Candidate privacy notice
Data controller: BMT Defence & Security UK Ltd (BMT)
Data protection officer: Tracey Wardrope, email@example.com
BMT collects and processes personal data relating to candidates to manage the potential employment relationship. BMT is committed to being transparent about how it collects and uses that data and to meeting its data protection obligations.
This privacy notice describes how we collect and use personal information about you during the recruitment and selection process, in accordance with the General Data Protection Regulation (GDPR).
This notice does not form part of any contract of employment or other contract to provide services. We may update this notice at any time.
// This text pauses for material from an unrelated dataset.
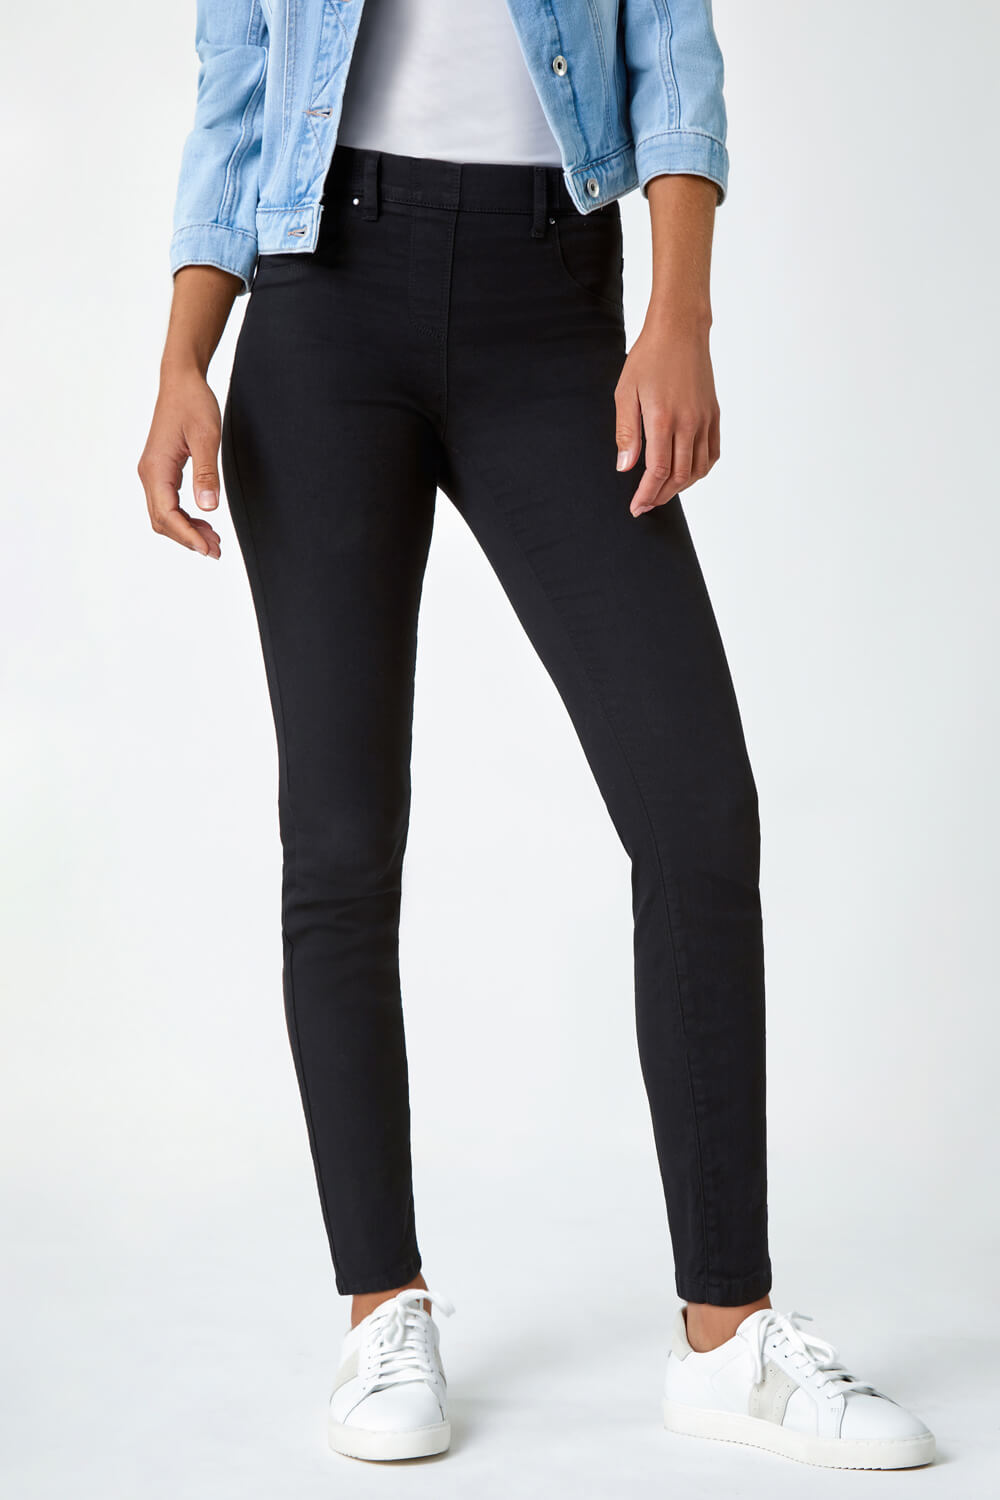 Christopher Blue Womens Black Velvet Stretch pants size 14

It is important that you read this notice, so that you are aware of how and why we are using such information.
What information does BMT collect?
BMT collects and processes a range of information about you. This may include:
- your name, address and contact details;
- copies of your photographic identification either passport or driving licence;
- details of your qualifications, skills, experience and employment history, including start and end dates, with previous employers and with BMT;
- information about your nationality, place of birth and entitlement to work in the UK;
We may also collect, store and use the following “special categories” of more sensitive personal information:
- information about your criminal record;
- information about medical or health conditions only for the purpose of making reasonable adjustments at interview;
BMT may collect this information in a variety of ways. For example, data might be collected through application forms, CVs or resumes; obtained from your passport or other identity documents such as your driving licence; from correspondence with you; or through interviews, meetings or other assessments.
In some cases, BMT may collect personal data about you from third parties, such as references supplied by former employers, information from employment background check providers, information from credit reference agencies and information from criminal records checks permitted by law.
Data will be stored in a range of different places, including the recruitment system of BMT, in BMT's HR management systems and in other IT systems (including BMT's email system).
Why does BMT process personal data?
BMT needs to process data to ensure that it is complying with its legal obligations. For example, it is required to check an employee's entitlement to work in the UK.
Some 'special categories' of personal data, such as information about health or medical conditions, are processed to carry out employment law obligations (such as those in relation to employees with disabilities).
Who has access to data?
Your information may be shared internally, including with members of the HR and resourcing team and managers in the business area in which you may work.
If you receive an offer of employment, BMT will share your data with third parties in order to obtain pre-employment references from other employers, obtain employment background checks from third-party providers and obtain necessary criminal records checks from the Disclosure and Barring Service.
How does BMT protect data?
BMT takes the security of your data seriously. BMT has internal policies and controls in place to try to ensure that your data is not lost, accidentally destroyed, misused or disclosed, and is not accessed except by its employees in the performance of their duties.
For how long does BMT keep data?
Your data will be held for 12 months from the day we receive it.
As a data subject, you have a number of rights. You can:
- access and obtain a copy of your data on request;
- request the transfer of your personal information to another party;
- require BMT to delete or stop processing your data, for example where the data is no longer necessary for the purposes of processing; and
- object to the processing of your data where BMT is relying on its legitimate interests as the legal ground for processing.
If you believe that BMT has not complied with your data protection rights, you can complain to the Information Commissioner.
If you want to review, verify, correct or request erasure of your personal information, object to the processing of your personal data, or request that we transfer a copy of your personal information to another party, please contact the Data Protection Officer in writing.